OCBC Research on 1 Feb 2012

SIA Engineering Co Ltd (SIAEC) last night reported its 3QFY12 revenue grew 12.6% YoY to an all-time quarterly high of S$303.4m and PATMI gained 5.3% to S$63.5m. Management attributed the growth in revenue to 1) higher fleet management programme revenue and 2) an increase in airframe and component overhaul work. But higher subcontract and staff costs to support the increased workload during the quarter also saw EBIT margin fall to 9.4%, from 12.8% a year ago. Despite the challenges posed by uncertainties in the global economy, management guided that demand for its services is expected to remain stable. In addition, SIAEC is estimated to provide a dividend yield of 5%. Thus, we retain our fair value of S$3.88 per share and BUY rating on SIAEC. 


Strong revenue growth but lower margin.
SIA Engineering Co Ltd (SIAEC) last night reported its 3QFY12 financials. 3QFY12 revenue grew 12.6% YoY to an all-time quarterly high of S$303.4m and PATMI gained 5.3% to S$63.5m. Management attributed the growth in revenue to 1) higher fleet management programme revenue and 2) an increase in airframe and component overhaul work.
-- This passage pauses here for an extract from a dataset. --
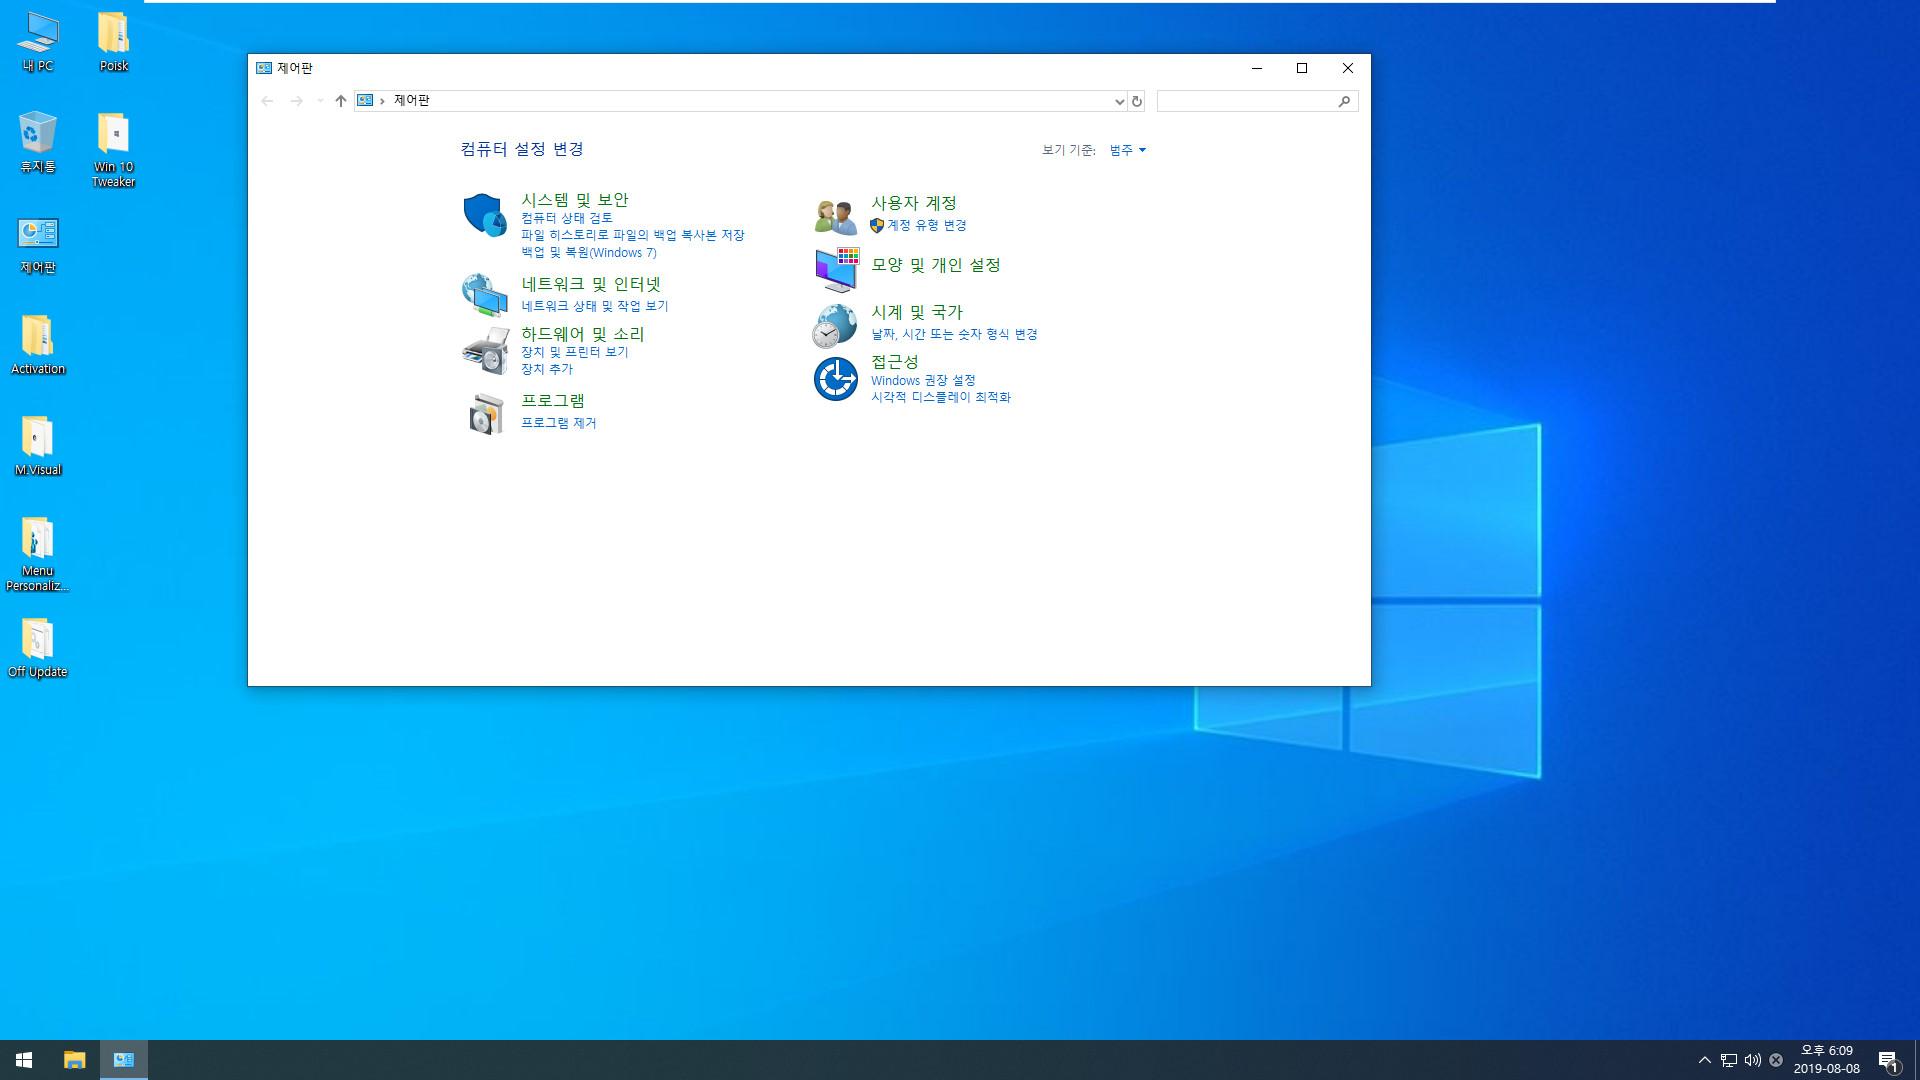 Windows 10 Enterprise x64 lite 1903 build 18362.267 by Zosma.iso - 러시아어 한글화 시도 - 그래서 그냥 원본대로 설치 후에 한글화 시도 2019-08-09_000948.jpg

But higher subcontract and staff costs to support the increased workload during the quarter also saw EBIT margin fall to 9.4%, from 12.8% a year ago. In addition, SIAEC’s PATMI was once again boosted by stronger contributions from share of profits of joint venture and associated companies, which grew 20.1% to S$40.7m and contributed to 56.3% of pre-tax profit.

Raise FY12 revenue but lower PATMI estimates.
For 9MFY12, SIAEC’s revenue edged up 2.2% to S$853.4m and PATMI grew 2.6% to S$202.8m, meeting 77.4% and 73.9% of our previous full-year revenue and PATMI estimates. We have since made some minor adjustments to our full-year estimates in order to factor in stronger revenue growth and higher costs, despite management’s intention to improve productivity and manage costs. Our new estimates of FY12 revenue is 2.6% higher while PATMI is 1.7% lower, at S$1,130.5m and S$269.9m respectively.

Maintain BUY and S$3.88 fair value.
Despite the challenges posed by uncertainties in the global economy, management guided that demand for its services is expected to remain stable. In addition, the longer-term outlook for MRO service providers is still intact, and SIAEC is estimated to provide a dividend yield of 5%. Thus, we retain our fair value of S$3.88 per share and BUY rating on SIAEC.